| How to complete this task |
Every line of the listing below from the one with "Towpath Trail Cuyahoga National Park" up to and including the one with "MKE bublr bikes.jpg" should be retyped exactly, and nothing else; pictures are not part of the copy.

| Exercise data |
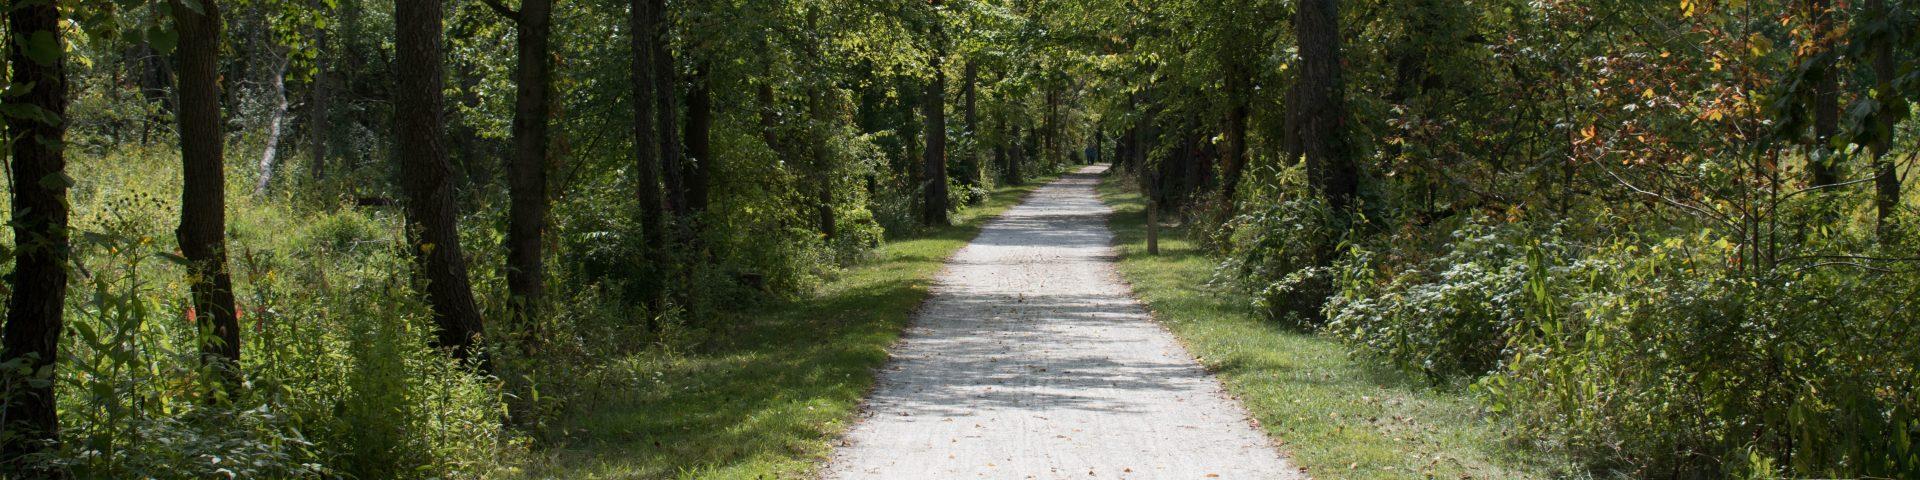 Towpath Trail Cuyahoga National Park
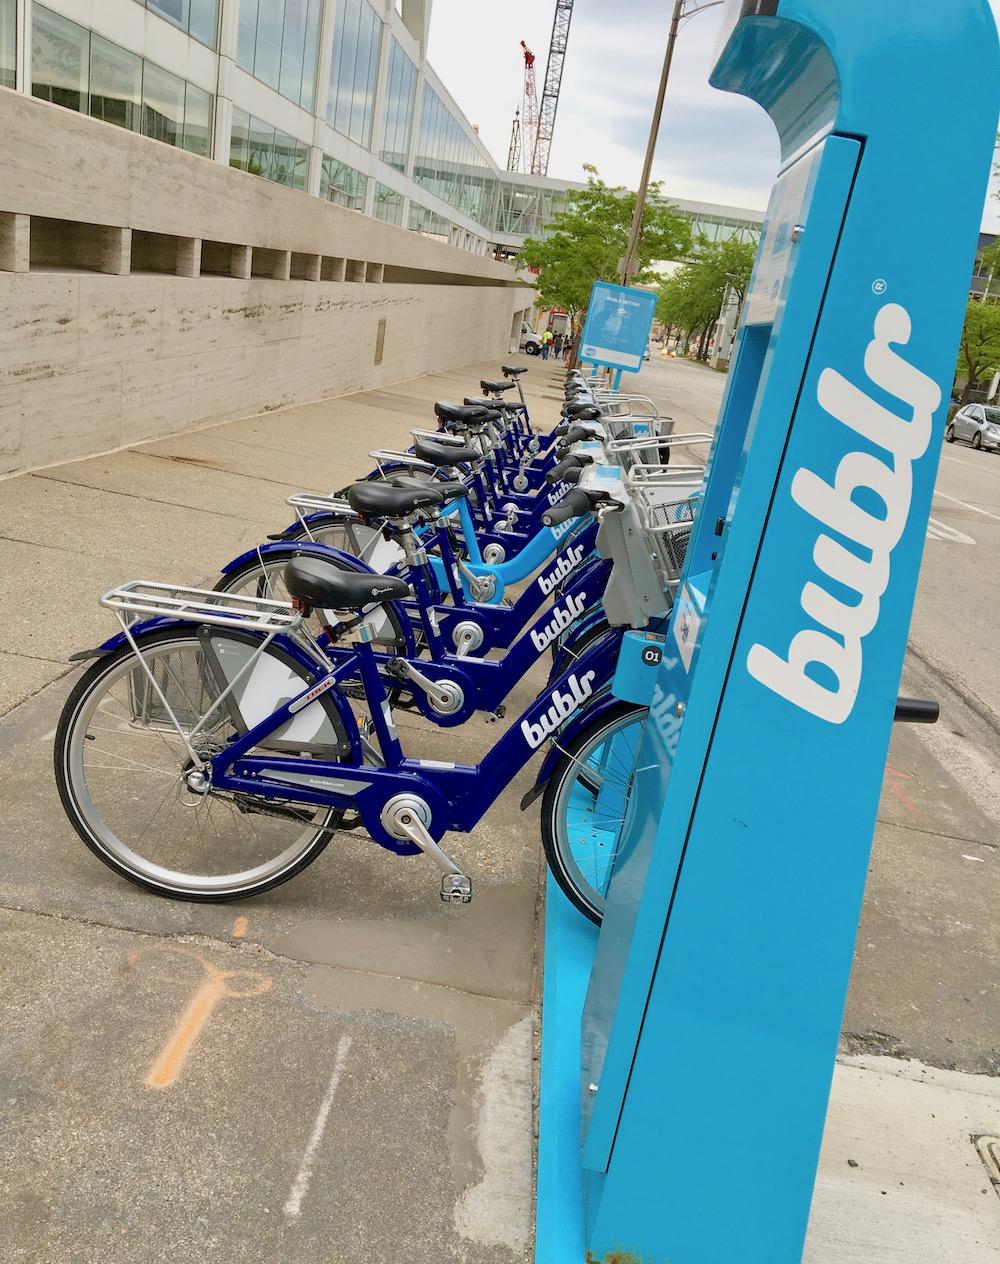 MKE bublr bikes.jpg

--

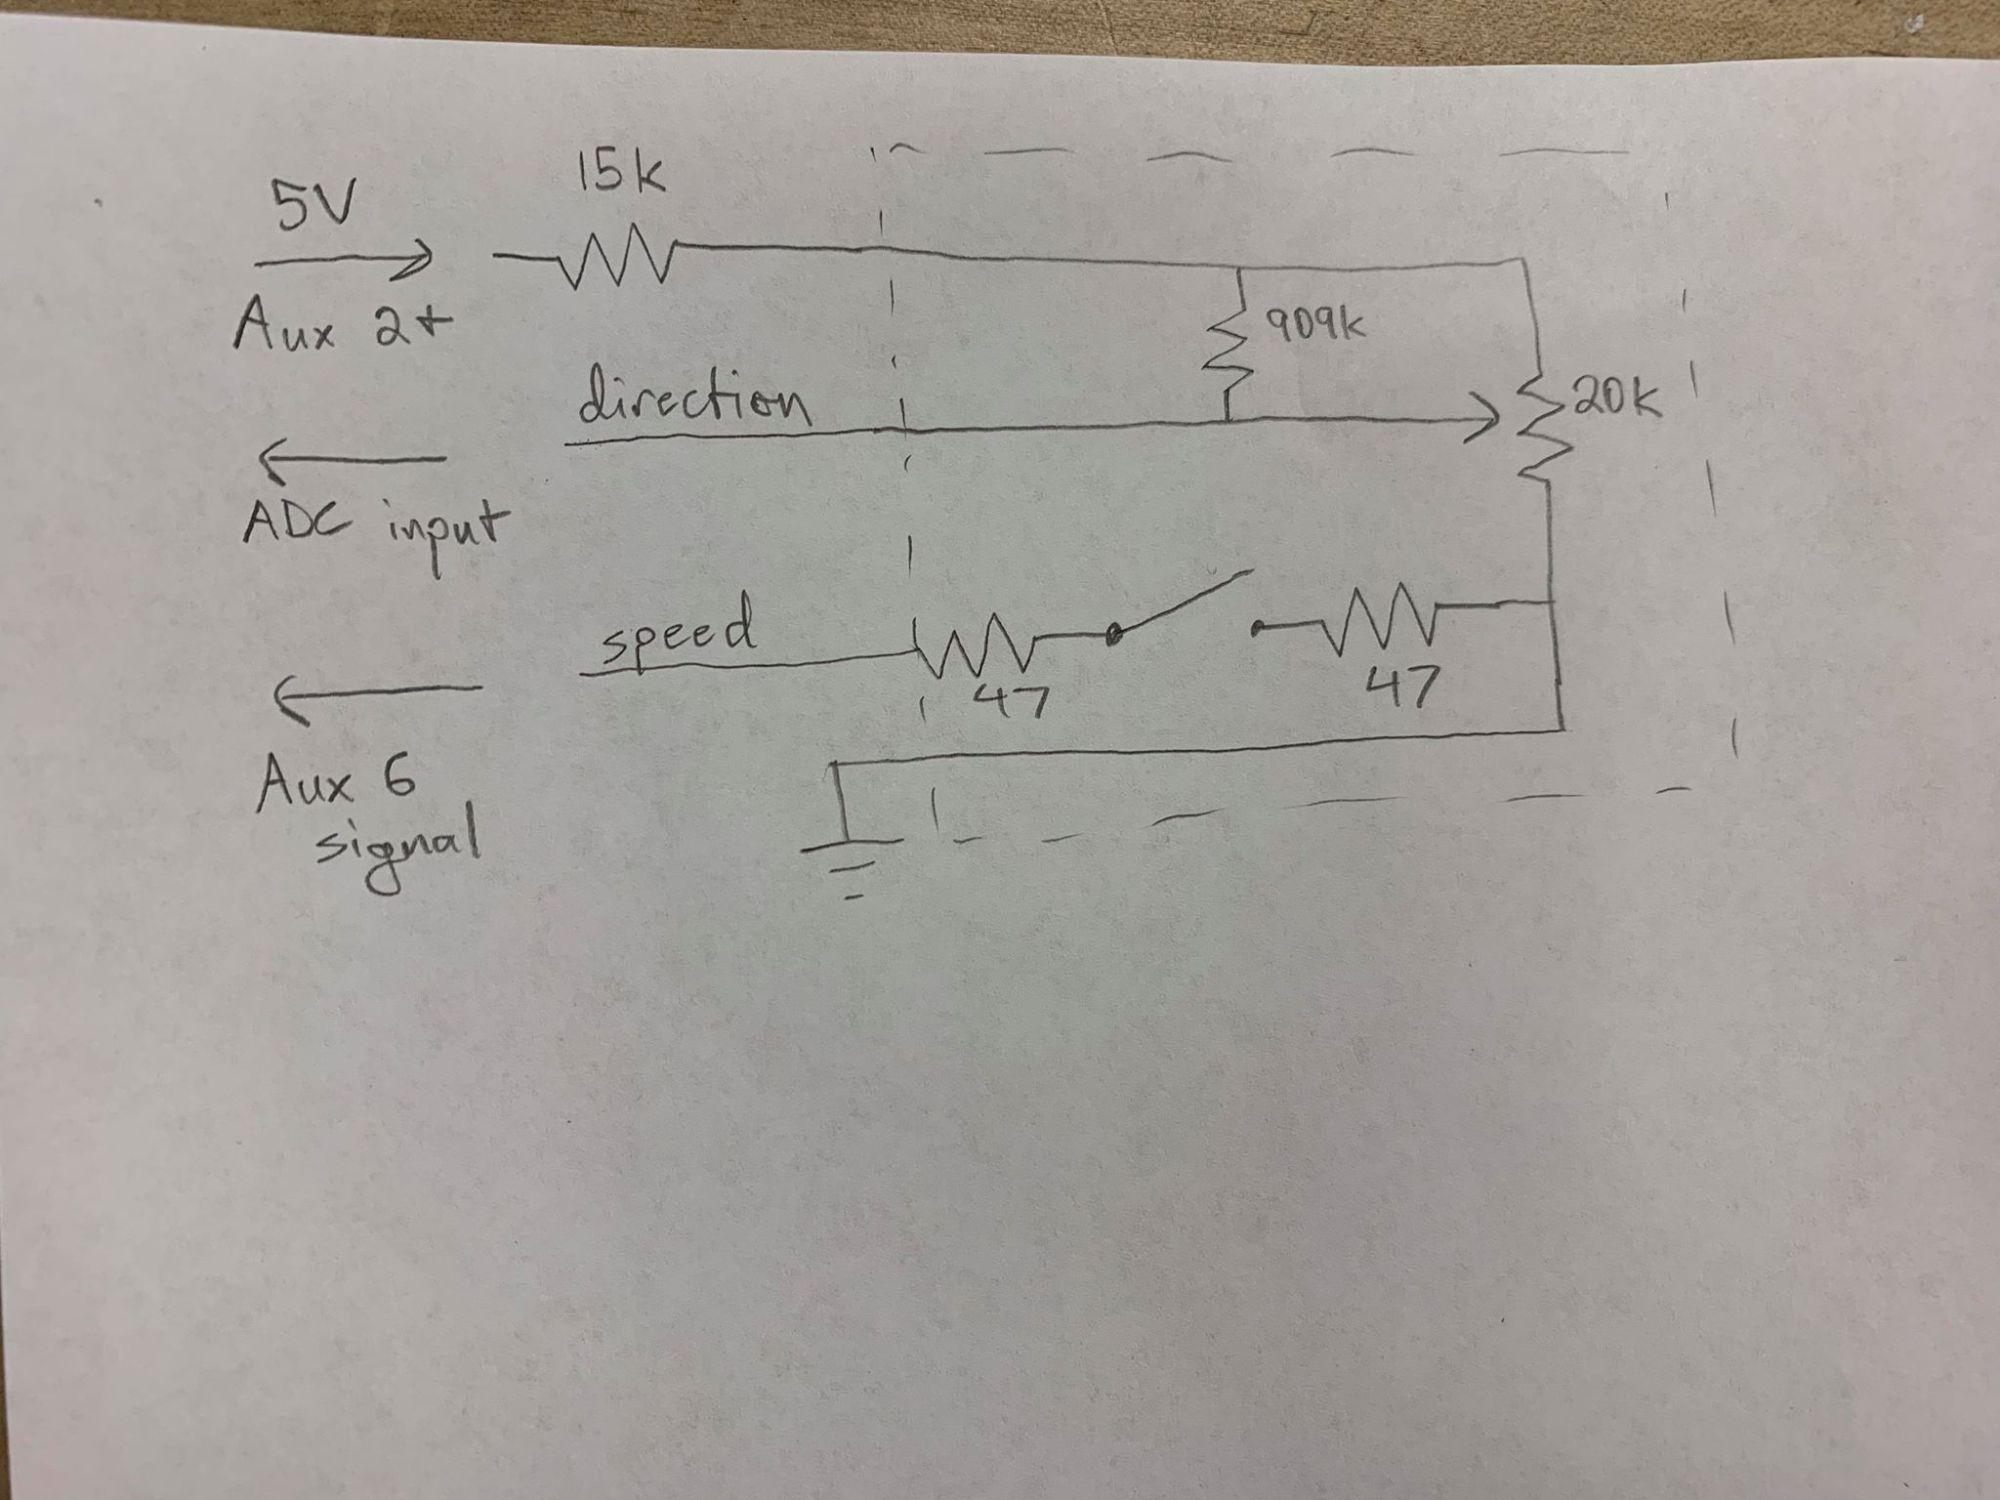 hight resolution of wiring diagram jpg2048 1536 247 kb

| Output of the exercise |
 Towpath Trail Cuyahoga National Park
 MKE bublr bikes.jpg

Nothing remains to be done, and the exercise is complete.